Amelia & Whitney - 1 of the last few lines hit me - so many choices we don't make a choice. Sometimes I think we do have too many choices - it can be paralyzing. There are times I yearn for the simplicity of previous decades when it was all clear - but most of the time I relish the mess of choices. But the flip side is too much 'greatness' - I know a very very talented man in his 40's who is truly gifted in so many areas that it's paralyzed him - he's never been able to focus on 1 of the talents and also gives up if he can't be perfect at them all - he's paralyzed by an innate overload of choices.
Go dream - go try them - whatever you learn along the way you can use for the next one and next one - no matter how they turn out - just pursuing a dream is a tremendous accomplishment!
Posted by: Dscofield | January 08, 2012 at 08:43 AM
"...I’m interested in too many diverse things for them to guide me". "No one is going to tell me what I can accomplish and lay it all at my feet." I can relate.
I have been wondering what my next dream is...but not too much. For a little while I'm just enjoying "being"and the joy of accomplished dreams.
Posted by: Maria | January 08, 2012 at 10:02 AM
Keeping a daily journal is one of the best ways for me to balance what Maria describes as "enjoying being," while identifying and pursuing my dreams. This habit forces me to take regular inventory of my blessings and challenges (which are sometimes blessings in disguise), and helps me be accountable for goals I set when I write and later re-read my entries. In other words, this documents the things that "make me tick" and provides comfort. Amelia, I can tell you are a smart, talented woman, and I can't wait to hear about the results of your "dream dating." Good luck!
Posted by: Megan Nelson | January 08, 2012 at 01:38 PM
I'm Katrina, Amelia's sister. I too mourn the loss of my ballet career. I actually had a dream last night that I was at a ballet dance class and the teachers came and wanted me to be in a recital. Not the prima ballerina or antything, but still. Practice on Mon Wed and Fri from 4:30 to 5:30 for 12 weeks....then I went and asked my husband if I could do it and he said no (in my dream) because I had to be with the children while he went to play soccer and attend his chuch meetings. C'est La Vie.
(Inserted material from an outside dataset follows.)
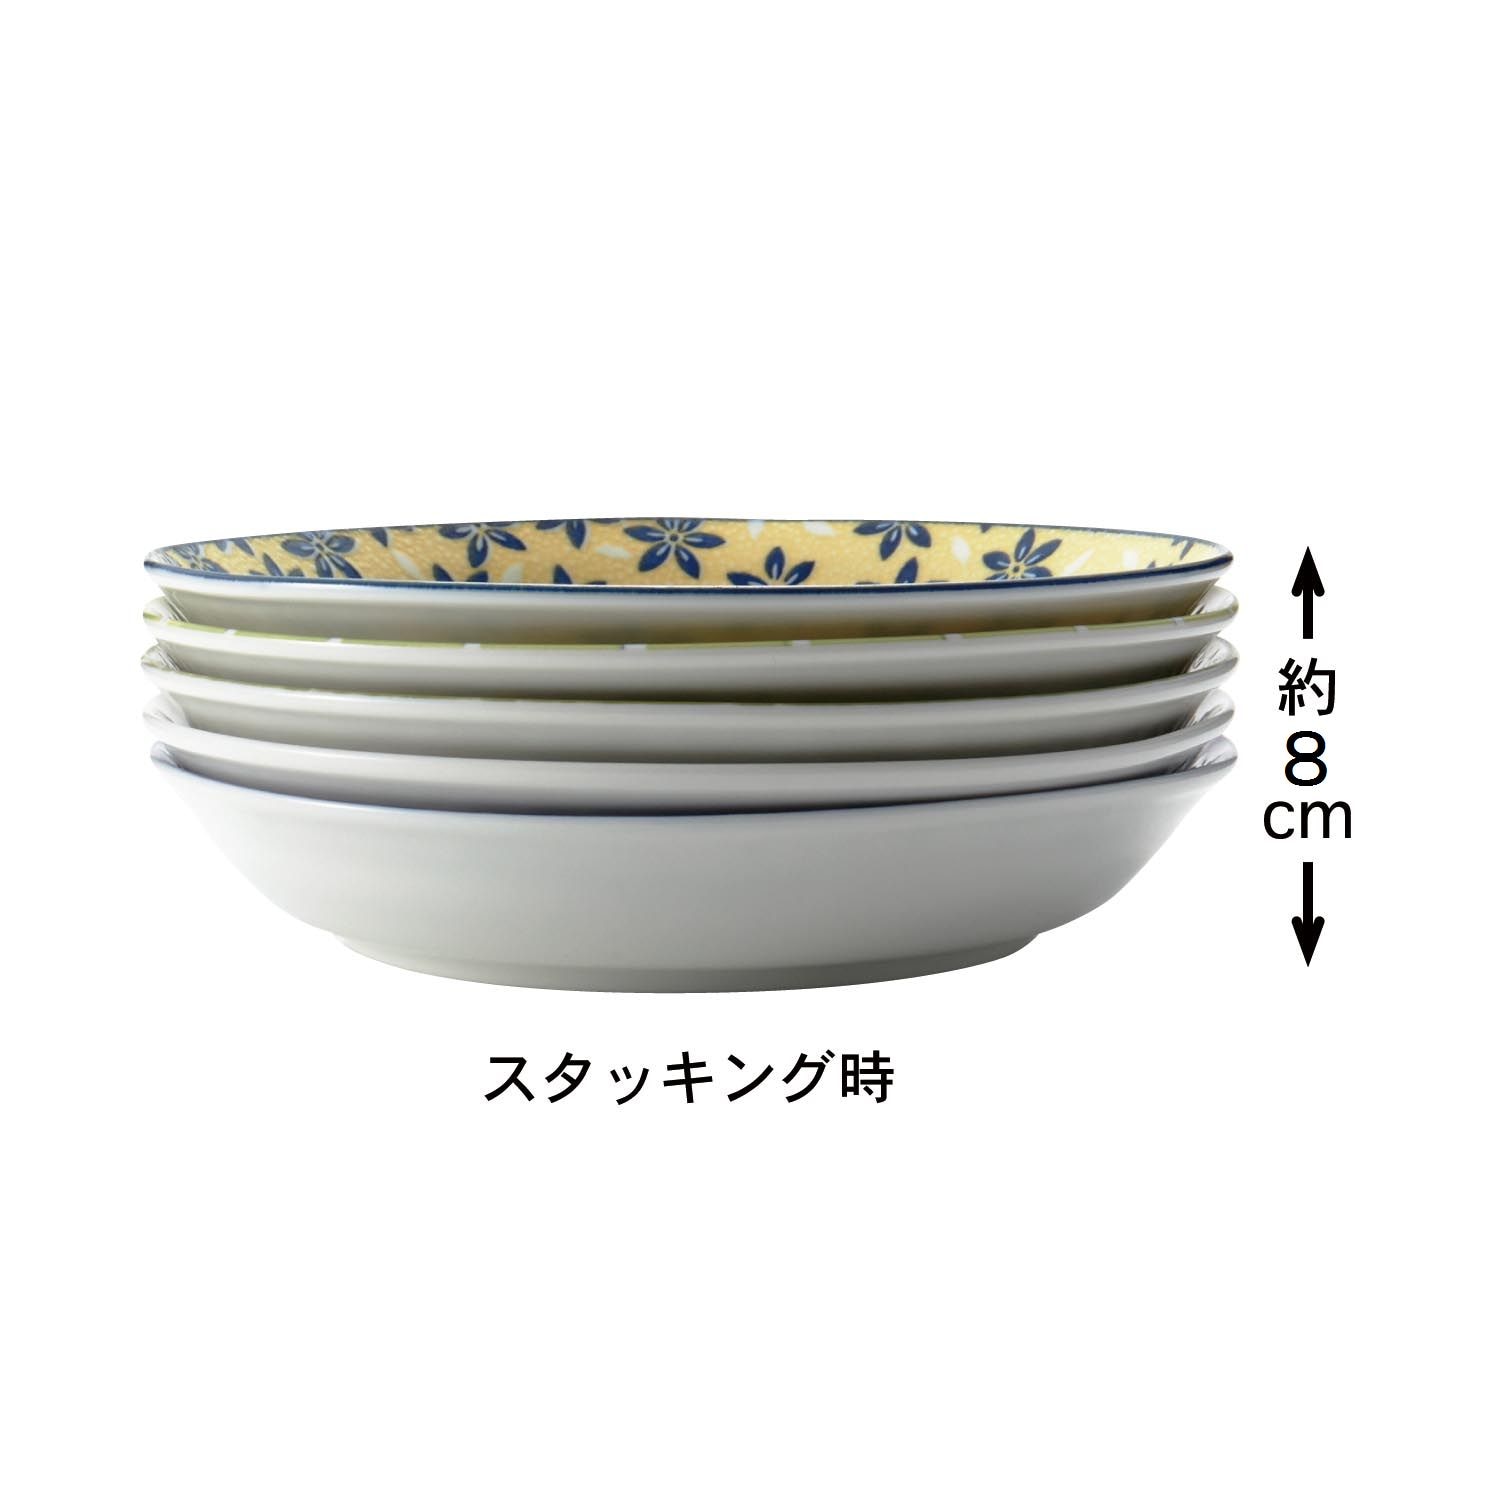 ポタリーフィールド スープカレー皿セット (7-1804)

Posted by: Katrina | January 08, 2012 at 01:52 PM
We are looking forward to reading your posts. As a career changer myself (I am on my fourth), I have found being a parent and attending school takes more time then when I was not a parent. So be patient with yourself and the process...life will unfold when your passions come to your surface/awareness. As mothers we put part of ourselves aside for a while, then we have to reach into our brain and really think/plan (with expected interruptions. Good Luck with your transition, we are excited to hear about your journey.
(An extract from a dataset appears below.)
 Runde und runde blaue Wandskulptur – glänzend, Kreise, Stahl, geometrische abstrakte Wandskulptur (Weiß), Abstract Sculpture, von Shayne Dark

Thanks for sharing your zig zag journey!
Posted by: Jeanne Boudreau | January 08, 2012 at 05:49 PM
Absolutely loved this post! Made me laugh and feel determined, the perfect pick-me-up. I hope you post back on what you decide to do. Thanks for sharing.
Posted by: Elizabeth Keeler | January 08, 2012 at 10:28 PM
Thanks for all your comments! I feel like I have my own little cheering section, which is what I would think everyone needs now and then.
Posted by: amelia | January 16, 2012 at 08:34 PM
Thanks for this post, Amelia. And yes, we ARE your cheering section! Motherhood is a beautiful, wonderful privilege, but that doesn't mean that the "person" inside the mom has to lie dormant. We'd love to have you write for us at The Power of Moms (www.powerofmoms.com).
I'm not the knitting, quilting, scrap-booking kind of mom either (I'm just so bad at it, and I don't enjoy it), but there are TONS of opportunities for women to thrive as they mother. It's fun for us all to uplift each other online. The Internet is such a blessing!
Looking forward to getting to know you more in the future!